Yueqiang Liu (Institutionen för rymd- och geovetenskap, Plasmafysik och fusionsenergi) ; S. A. Sabbagh ; I. T. Chapman ; S. Gerasimov ; Y. Gribov ; T. C. Hender ; V. Igochine ; M. Maraschek ; G. Matsunaga ; M. Okabayashi ; E. J. Strait
Fusion science and technology (1536-1055). Vol. 70 (2016), 3, p. 387-405.
[Artikel, refereegranskad vetenskaplig]

The high-frequency noise measured by magnetic sensors, at levels above the typical frequency of resistive wall modes, is analyzed across a range of present tokamak devices including DIII-D, JET, MAST, ASDEX Upgrade, JT-60U, and NSTX. A high-pass filter enables identification of the noise component with Gaussian-like statistics that shares certain common characteristics in all devices considered.

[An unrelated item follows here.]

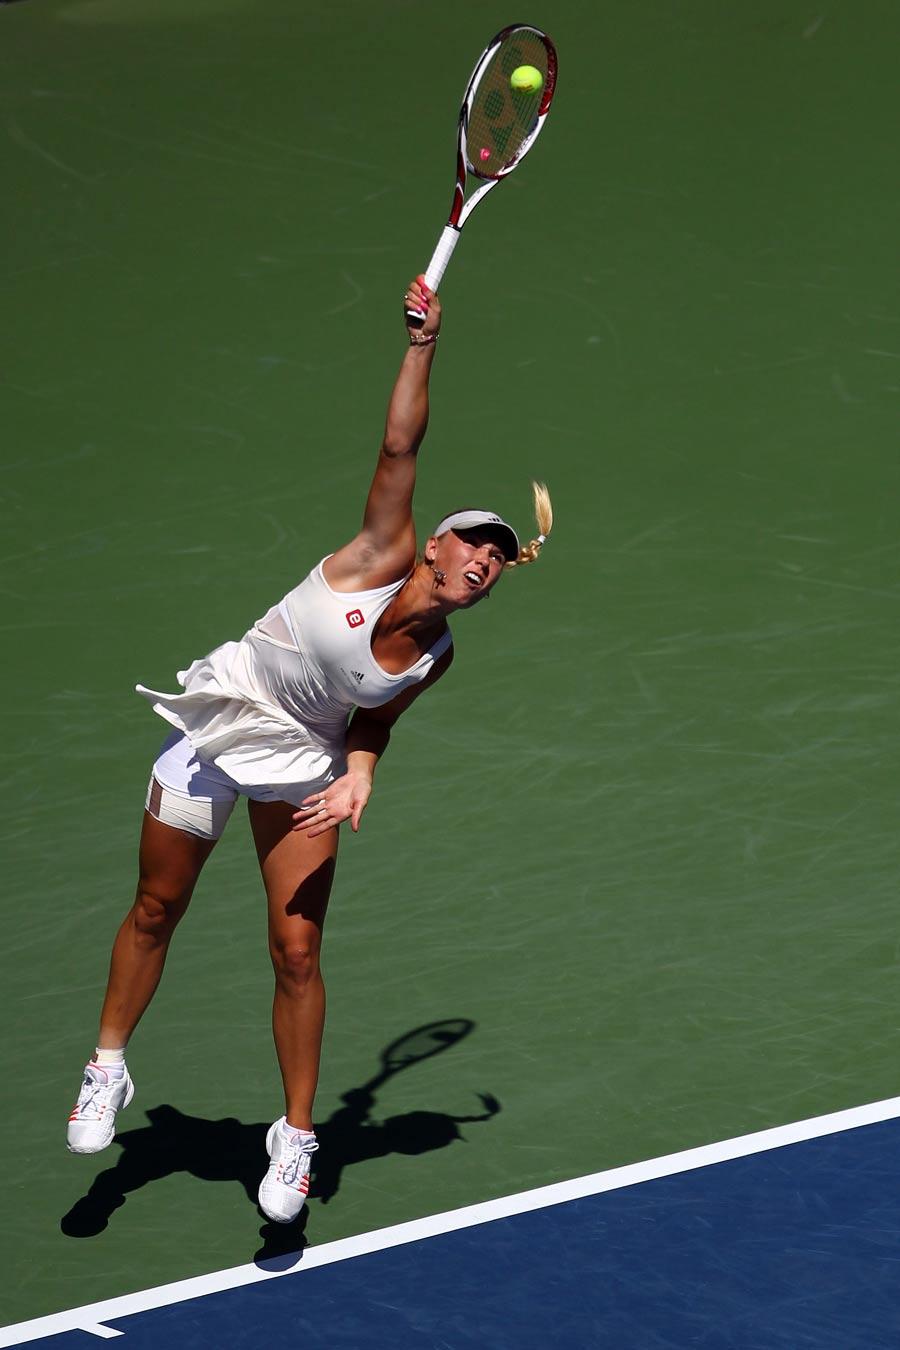 28511 - Commanding start from Wozniacki

A conservative prediction is made for ITER plasma operation of the high-frequency noise component of the sensor signals, to be used for resistive wall mode feedback stabilization, based on the multimachine database. The predicted root-mean-square n = 1 (n is the toroidal mode number) noise level is 10(4) to 10(5) G/s for the voltage signal, and 0.1 to 1 G for the perturbed magnetic field signal. The lower cutoff frequency of the Gaussian pickup noise scales linearly with the sampling frequency, with a scaling coefficient of about 0.1. These basic noise characteristics should be useful for the modeling-based design of the feedback control system for the resistive wall mode in ITER.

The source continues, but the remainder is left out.